A self-supervised learning approach using Tensorflow to fill a missing word in a sentence

In [None]:
import tensorflow as tf
import numpy as np


Define a list of sentences

In [None]:

sentences = ["I like to eat pizza", 
             "She enjoys reading books",
             "He plays basketball on weekends",
             "We went to the beach last summer"]

Define a tokenizer

In [None]:

tokenizer = tf.keras.preprocessing.text.Tokenizer()
tokenizer.fit_on_texts(sentences)

Convert the sentences to sequences of tokens

In [None]:

sequences = tokenizer.texts_to_sequences(sentences)

Pad the sequences to a fixed length

In [None]:

max_length = max(len(seq) for seq in sequences)
padded_sequences = tf.keras.preprocessing.sequence.pad_sequences(sequences, maxlen=max_length, padding='post')

Define the model for self-supervised learning

In [None]:

inputs = tf.keras.layers.Input(shape=(max_length,), dtype=tf.int32)
embedding = tf.keras.layers.Embedding(len(tokenizer.word_index)+1, 128)(inputs)
context = tf.keras.layers.LSTM(128)(embedding)
hidden = tf.keras.layers.Dense(128, activation='relu')(context)
output = tf.keras.layers.Dense(len(tokenizer.word_index)+1, activation='softmax')(hidden)
model = tf.keras.models.Model(inputs=inputs, outputs=output)

Define a masked categorical crossentropy loss function

In [None]:

def masked_categorical_crossentropy(y_true, y_pred):
    mask = tf.not_equal(y_true, 0)
    mask = tf.cast(mask, tf.float32)
    loss = tf.keras.losses.sparse_categorical_crossentropy(y_true, y_pred)
    loss *= mask
    return tf.reduce_sum(loss) / tf.reduce_sum(mask)

Compile the model

In [None]:

model.compile(optimizer='adam', loss=masked_categorical_crossentropy)

Define a dataset for self-supervised learning

In [None]:

dataset = tf.data.Dataset.from_tensor_slices(padded_sequences)
dataset = dataset.shuffle(1000).batch(32)
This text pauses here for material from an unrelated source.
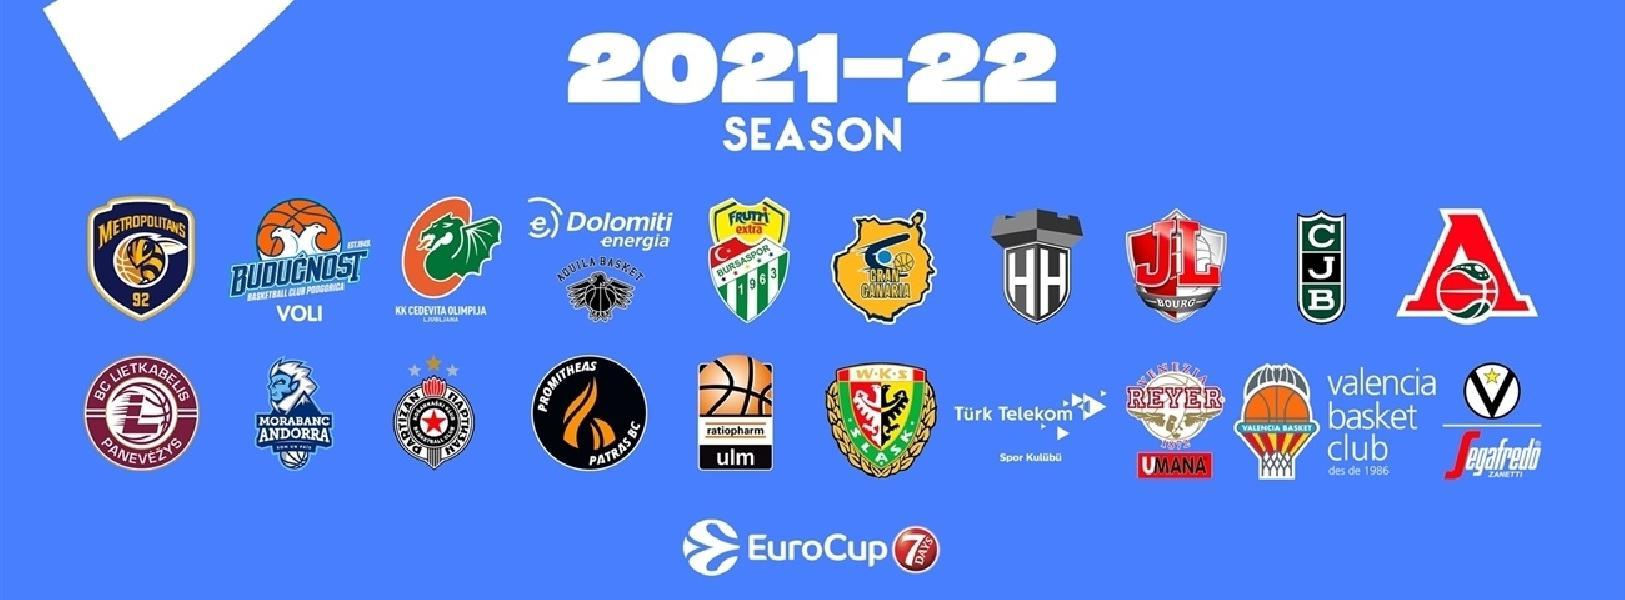 https://www.basketmarche.it/immagini_articoli/19-06-2021/eurocup-ufficializzate-partecipanti-edizione-2122-sono-virtus-bologna-reyer-venezia-aquila-trento-600.jpg

Train the model for self-supervised learning

In [None]:

model.fit(dataset, epochs=10)

Generate a new sentence with a missing word

In [None]:

sentence = "I like to ____ pizza"
sequence = tokenizer.texts_to_sequences([sentence])[0]
input_sequence = np.zeros((1, max_length), dtype=np.int32)
input_sequence[0, :len(sequence)] = sequence

Predict the missing word

In [None]:

preds = model.predict(input_sequence)
pred_idx = np.argmax(preds[0, :len(sequence)])

Convert the predicted index to a word

In [None]:

word = tokenizer.index_word[pred_idx]

Print the predicted word

In [None]:

print("Predicted word:", word)